> WHAT YOU SHOULD DO:
Set down, exactly and only, everything from the line containing "Caption: Octavia Blake" down to the line containing "stuffed sheep toy" in the data below; the pictures are not part of the copy.

> SUPPLIED MATERIAL:
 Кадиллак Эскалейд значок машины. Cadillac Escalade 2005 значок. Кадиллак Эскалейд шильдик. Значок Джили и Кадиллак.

...

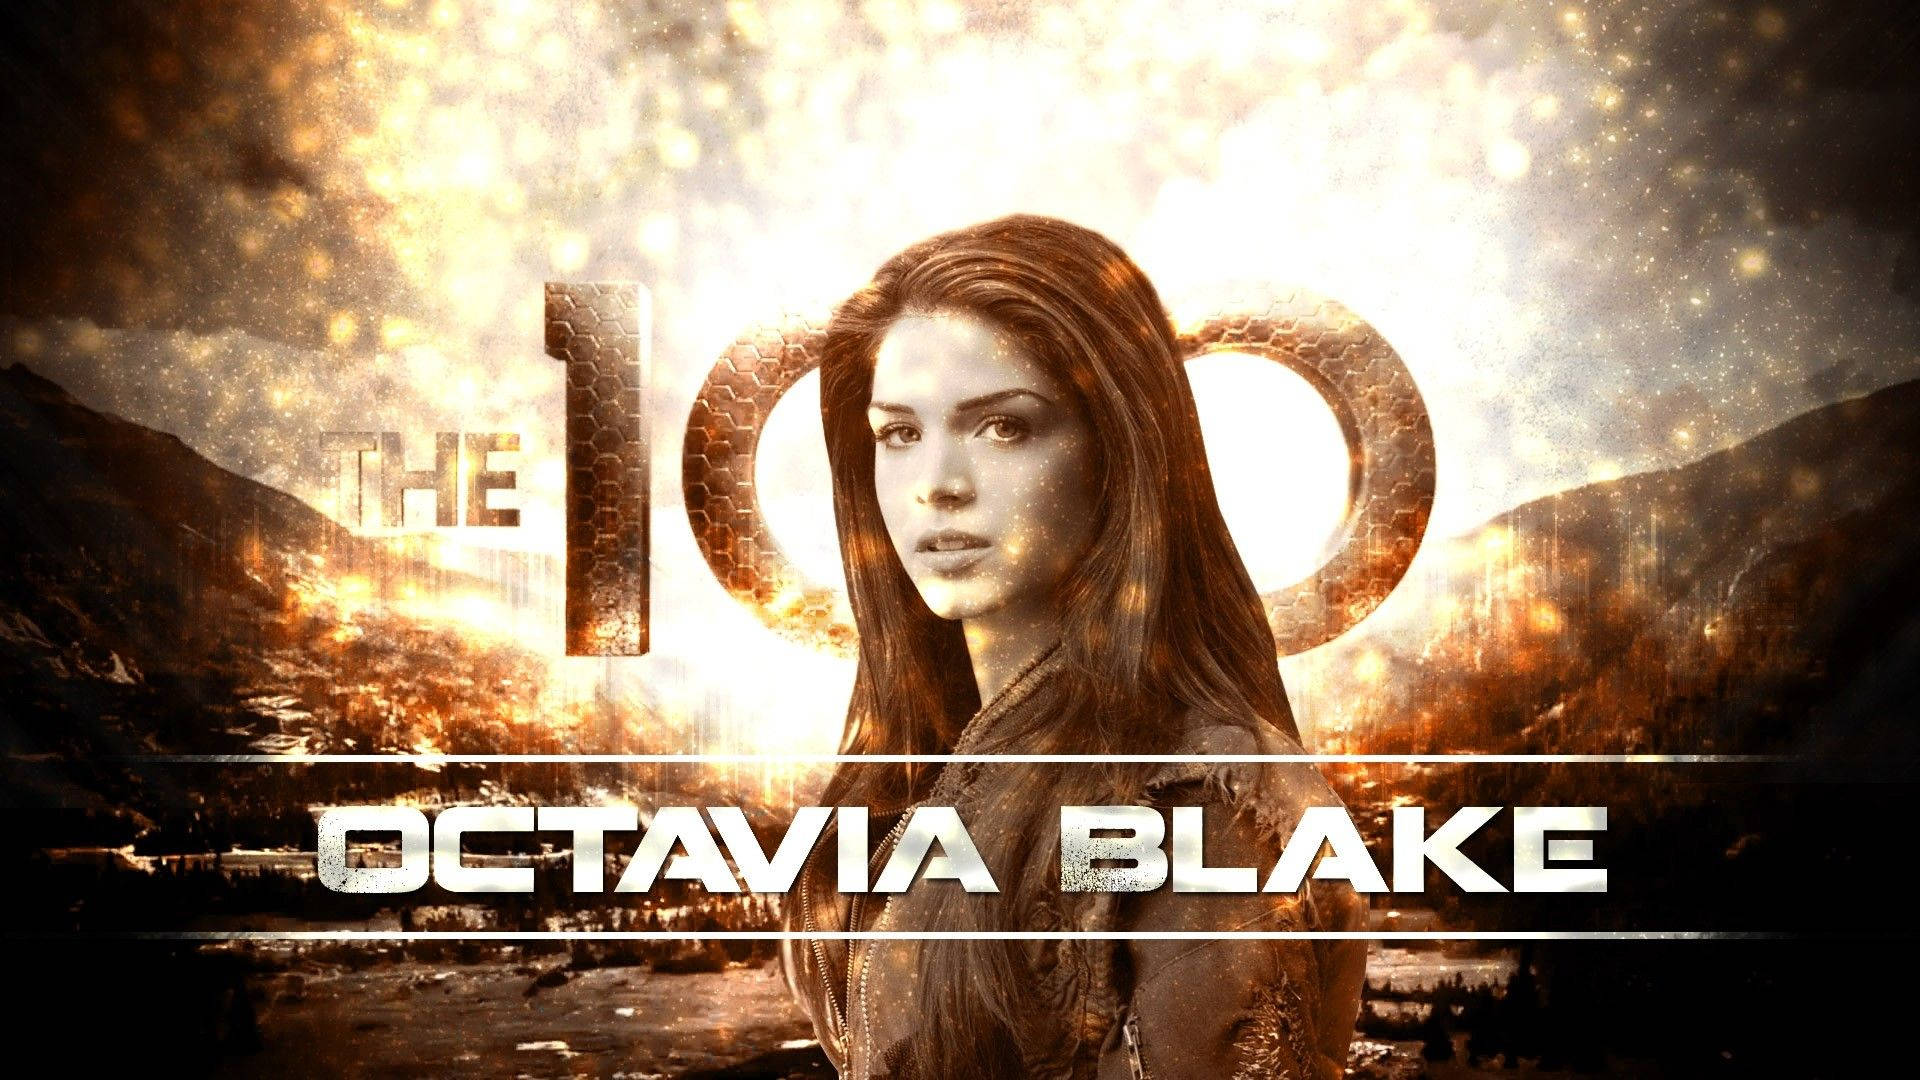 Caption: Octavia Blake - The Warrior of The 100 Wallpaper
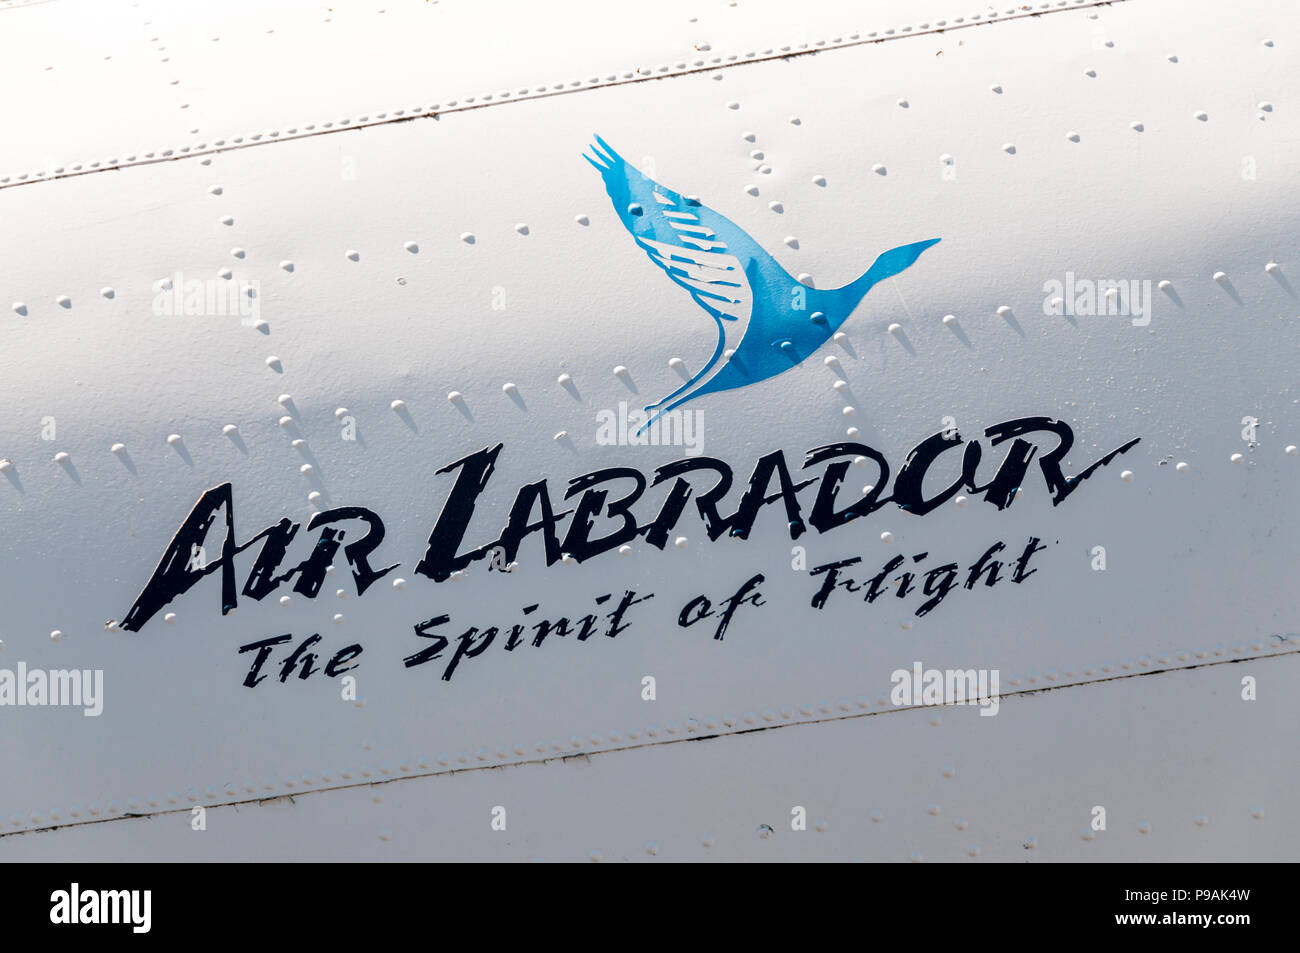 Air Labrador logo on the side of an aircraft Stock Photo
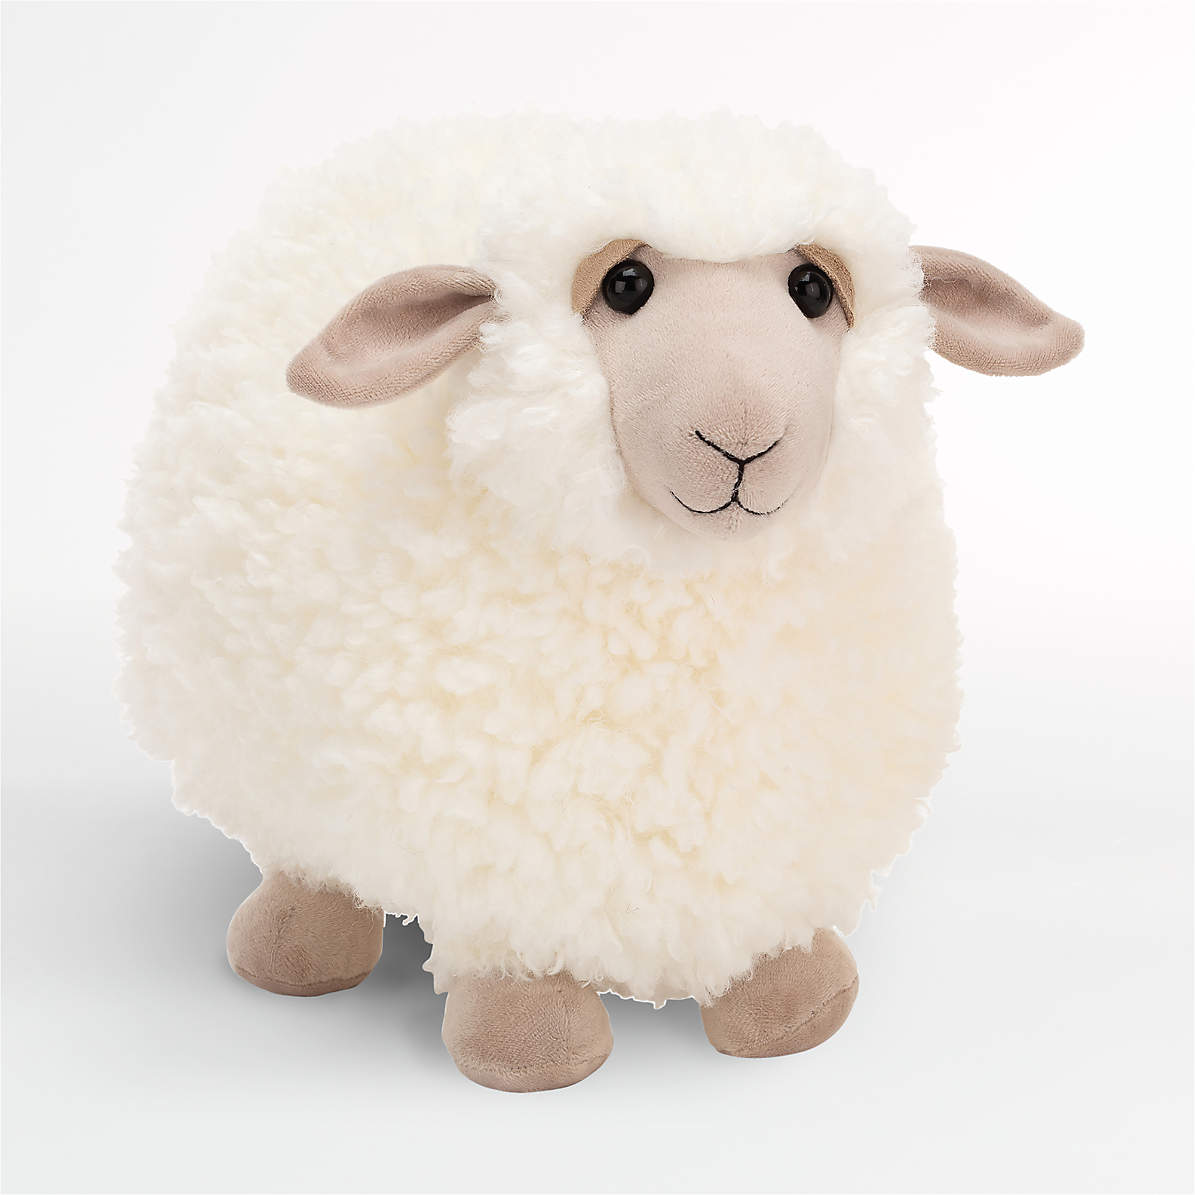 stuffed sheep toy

> SOLUTION BELOW:
 Caption: Octavia Blake - The Warrior of The 100 Wallpaper
 Air Labrador logo on the side of an aircraft Stock Photo
 stuffed sheep toy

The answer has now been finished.